A recompilation pipeline


Team

  Payer Mathias


This project introduces DICER, a recompilation pipeline, performing assured recompilation of a patched binary, leveraging information extracted from the original binary by Technical Area 1 (TA1) performers. DICER can optimally recompile a patched binary (minimizing the differences with the original binary), and, at the same time, assure its functionality using multi-layer verifications.

DICER is based on the following two crucial intuitions:

  • Formally comparing the functionality of two binaries (the original binary and the patched one) becomes a tractable problem when their differences are limited
  • Binary verification must happen at different levels of abstractions.

To minimize the difference between the original binary and the patched version, we design a new intermediate representation called teIR to include both the type information from the decompiled source file and the original binary, as well as their mapping.

To formally verify the non-interference property of a given patch, we formalize the conditions for a patch to be “Safe to Apply” (StA) and prove the equivalence between StA and non-interference. DICER then uses symbolic execution to formally prove the StA property both at the IR level and the binary level.

To tackle the missing toolchain issue and reuse the existing binary as much as possible, we propose a genetic-programming-based recompiler, which can recover the best likely compiler and compilation options using machine learning. DICER then outputs the recovered toolchain, as well as the recompiled patched binary.

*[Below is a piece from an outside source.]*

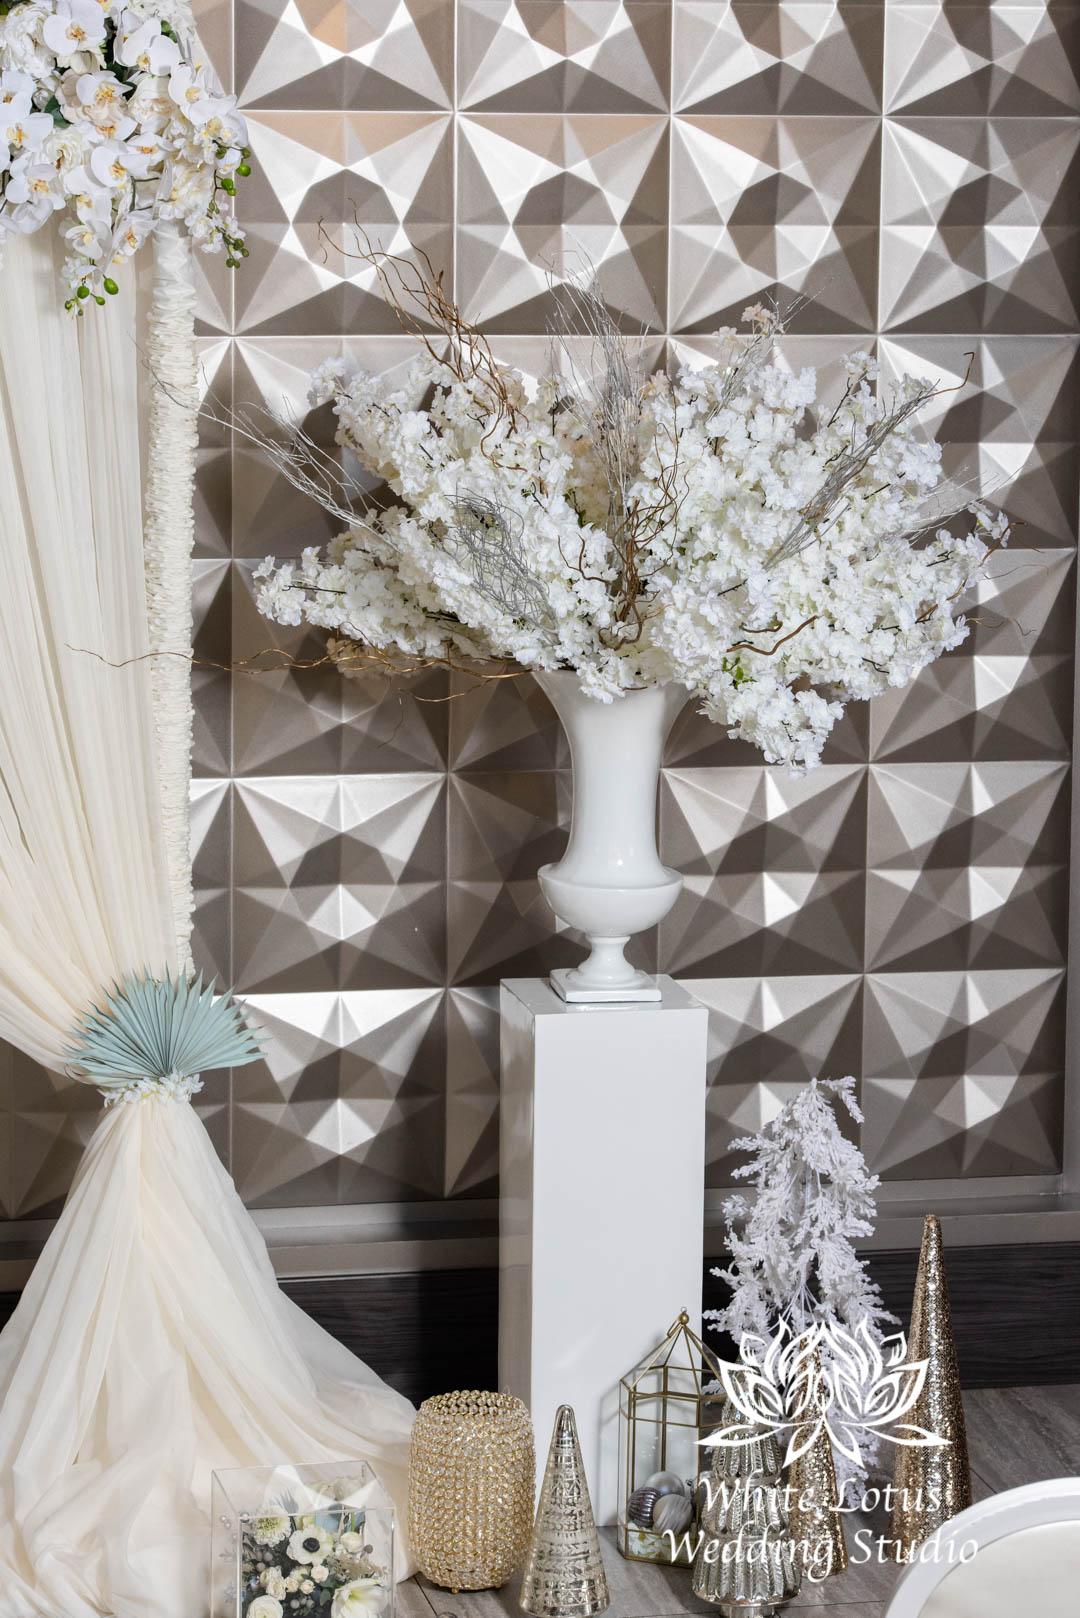 021- GLAM WINTERLUXE WEDDING INSPIRATION

To handle specific challenges from embedded systems such as timing constraints and limitations from symbolic execution engine and SMT solvers, we include the timing requirement within the formalization of StA and model timing within teIR. We further extend symbolic execution engines and SMT solvers to support interrupt scheduling and non-linear operations.

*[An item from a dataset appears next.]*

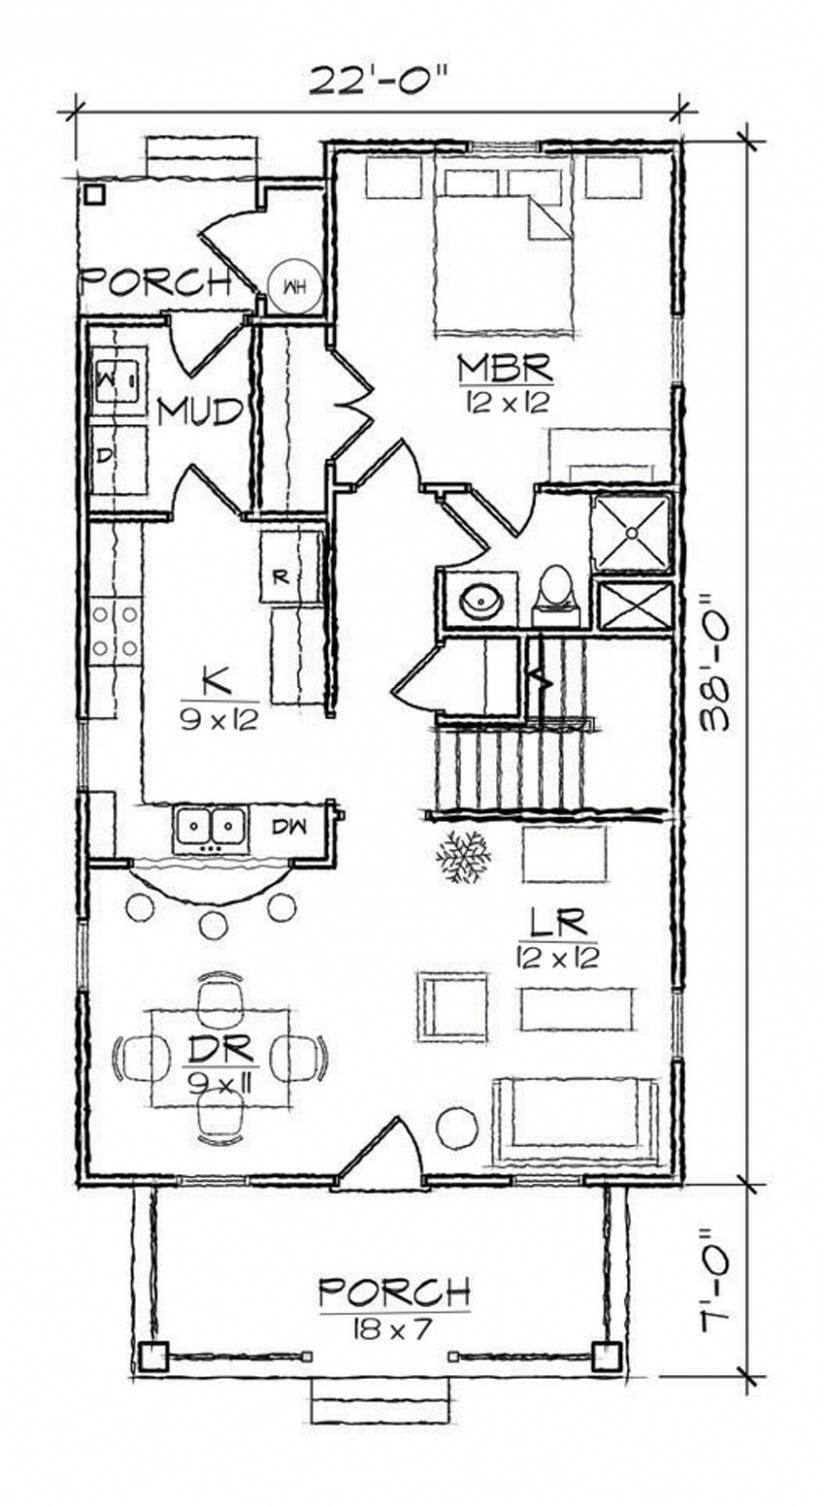 653973 3 Bedroom 2 Bath Bungalow open house plan

The unique design of DICER lies in the multi-level formal verification and the genetic-based recompiler. We can achieve this multi-level verification bridging the high-level code and the resulted binary. The genetic-based search for compiler options is inspired by the state-of-the-art fuzzing tool AFL.

Since non-interference is a strong property, DICER might need human expertise to provide confirmations for patches. We will propose a weaker formalization of non-interference and leverage dynamic verification to provide better assurance of these patches.